Beyond the devastating effects that such high tariffs would have on European exporters, von der Leyen is fully aware that the security of the Union is also at stake at a time of Russian aggression. That forces her trade team to tread cautiously against Trump, who, in addition to his tough stance on tariffs, has threatened to withdraw U.S. military support to Ukraine.

The Commission's negotiating tactics, so far, have largely responded to calls from some EU member states, such as Germany or Italy, for a quick deal with the US – even at the cost of potentially painful concessions.

Speaking at a Cabinet meeting on Tuesday, Trump said of the EU that "they are very tough, but now they are very kind to us and we will see what happens". The question, according to POLITICO, is whether politeness leads somewhere.

This idea is not supported by all diplomats and policymakers in Brussels. Lange, a German Social Democrat, warned that a unilateral deal might not win the support of parliament.

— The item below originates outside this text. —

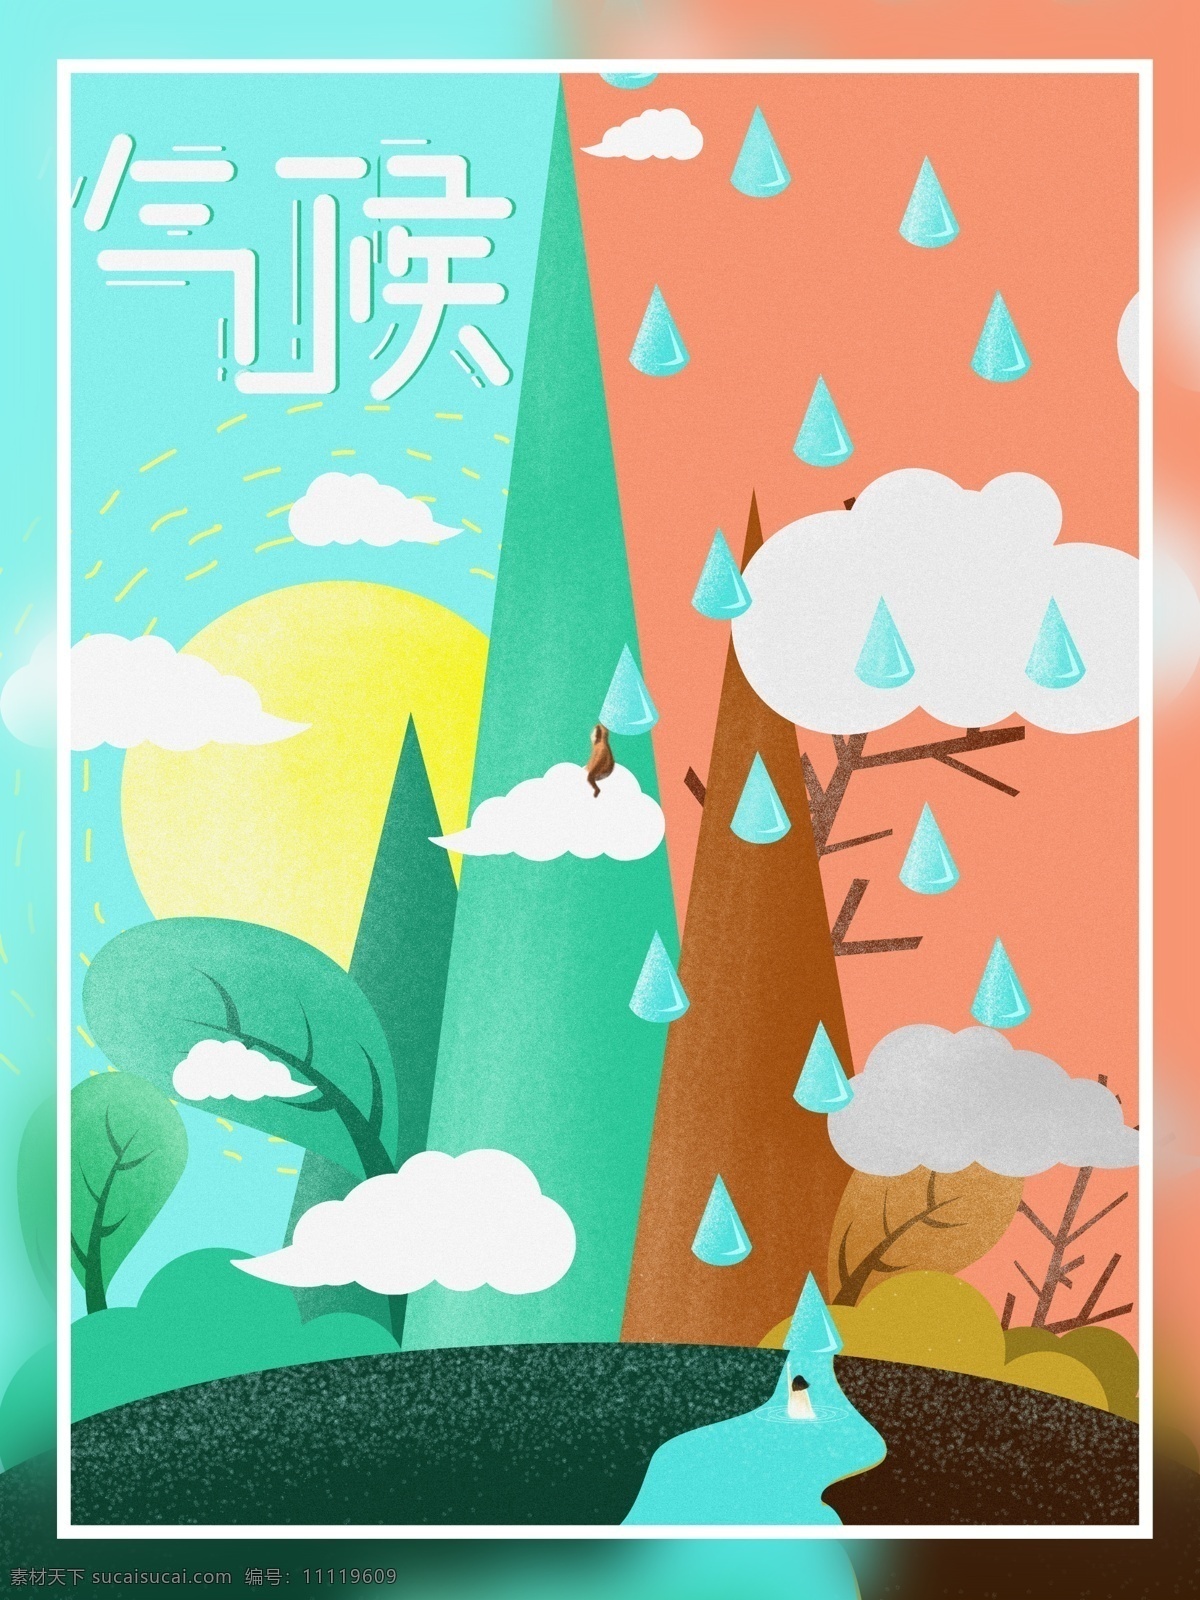 原创 插画 小 清新 气候 海报 小清新 雨水 清明 下雨 潮湿 天气 雨滴 太阳 云朵 树叶 树木 枯木 河流 女人 男人 蓝色 青绿色 橘红色

The U.K. and Vietnam — which have already signed agreements with the U.S. — "wanted quick results, and the U.S. ultimately emerged as the big winner," Lange warned in an interview with German newspaper RND.

The extension of the deadline "plays in the EU's favour," said David Klaiman, senior trade analyst at the ODI think tank in Brussels, pointing to pending judicial consultations in the U.S. against Trump's tariffs and demands for internal coordination within the EU.

However, this will largely depend on the EU's willingness to take a tougher stance in the negotiations. The time for the start of the first series of countermeasures is running out.

"If we do not reach a fair trade deal with the US, the EU is ready to take countermeasures," German Finance Minister Lars Klingbeale warned in recent statements.